Le courrier du voyageur

Lundi 7 mai 2012 | Mise en ligne à 9h21 | Commenter Commentaires (2)

L’Inde, de Bénarès à Bombay

Q : Mon mari et moi planifions un voyage d’un mois en Inde du Nord. Pourriez-vous nous suggérer un itinéraire? Faut-il privilégier le train ou l’avion pour se déplacer là-bas? Et, sur place, devrions-nous réserver des tours guidés en groupe ou nous adresser à des guides locaux privés ? Le mois de février est-il une bonne période ?
Louise Vincent Laval

R : Les circuits classiques du Nord de l’Inde se cantonnent généralement à deux États l’Uttar Pradesh et le Rajasthan, ce dernier étant le plus peuplé et le plus coloré du pays. Comme vous arriverez à Delhi, après une visite de la ville (le fort Rouge, le Qutb Minar, la mosquée Jama Masjid, le tombeau d’Humayun et, pour le magasinage, Connaught Place à New Delhi), prenez un vol pour la ville sainte de Bénarès (Varanasi), puis revenez vers l’Ouest en prévoyant des étapes à Khajuraho (quelques-uns des plus beaux temples du pays), Agra (le Taj Mahal) et, au Rajasthan, Jaipur (la ville rose et son palais des Vents), Bikaner (la ville du désert), Jaisalmer (ses temples hindous et jaïns), Jodhpour (la «ville bleue») et Udaipur (au bord de son lac,elle est considérée comme la ville la plus romantique du sous-continent).

Prenez ensuite le train pour Bombay (Mumbai), en vous arrêtant une journée à Ahmedabad, notamment pour visiter l’ashram Sabarmati, où Gandhi séjourna pendant sa lutte pour l’indépendance.
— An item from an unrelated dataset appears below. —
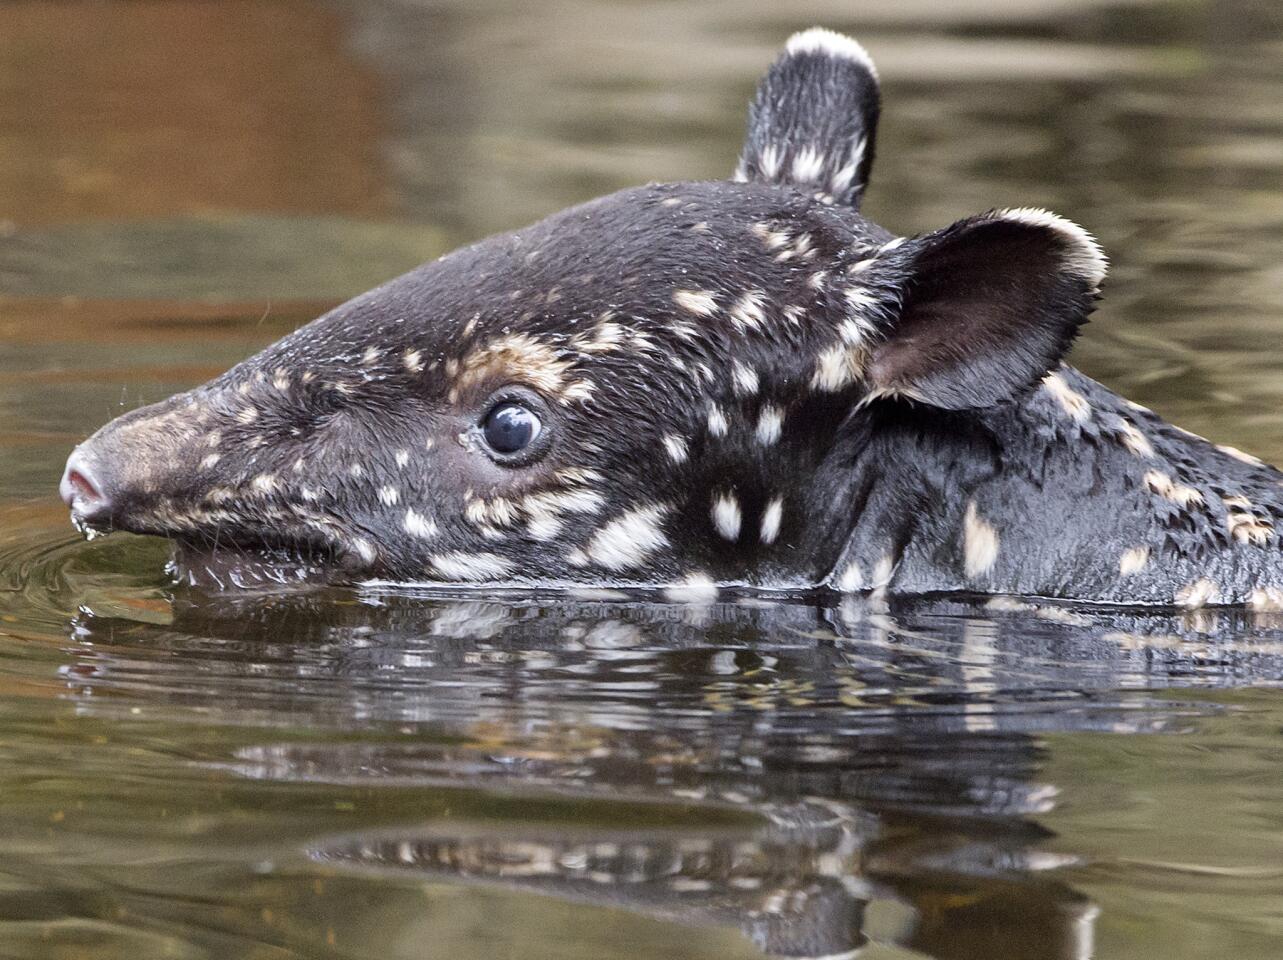 A young male Malayan tapir swims in the enclosure in the zoo in Leipzig, Germany, on June 15, 2016. The tapir was born June 2, 2016.

Comme vous disposez d’un mois, vous auriez probablement le temps de faire une incursion au Pendjab, depuis Delhi, pour visiter Amritsar, ville sainte des Sikhs (les touristes sont bien accueillis dans leur fabuleux Temple d’Or) et Chandigarh, la ville conçue par Le Corbusier.

Quelques suggestions, en passant : la région de Shekhayati, au nord de Jaipur, pour ses grandes demeures (les haveli) aux superbes fresques; Dharavi, le plus grand bidonville d’Asie, à Bombay (l’agence Reality Tours and Travel, y propose des visites guidées – voir www.realitytoursandtravel.com); essayer l’hébergement chez l’habitant, notamment au Rajasthan (deux suggestions : Little garden Guest House à Udaipur et Mud Mirror Guest House à Jaisalmer); loger dans un ancien palais sans se ruiner (le Lallgarh Palace à Bikaner et le Raj Palace à Jaipur) et une ballade de deux jours en chameau dans le désert du Thar arrangée par une agence locale à Jaisalmer.

Pour vos déplacements, le train sera le moyen de transport le plus approprié. Consultez les tarifs et les horaires sur le site des Indian Railways (www.indianrail.gov.in). Pour les plus longs trajets (Delhi/Bénarès et Bombay/Delhi, par exemple), l’avion s’impose. Entre autres compagnies à bas tarifs actives dans ce pays : Jet Airways (www.jetairways.com), Indigo (www.goindigo.in) et Kingfisher (www.flykingfisher.com ). Et en partant en février, vous éviterez les chaleurs écrasantes.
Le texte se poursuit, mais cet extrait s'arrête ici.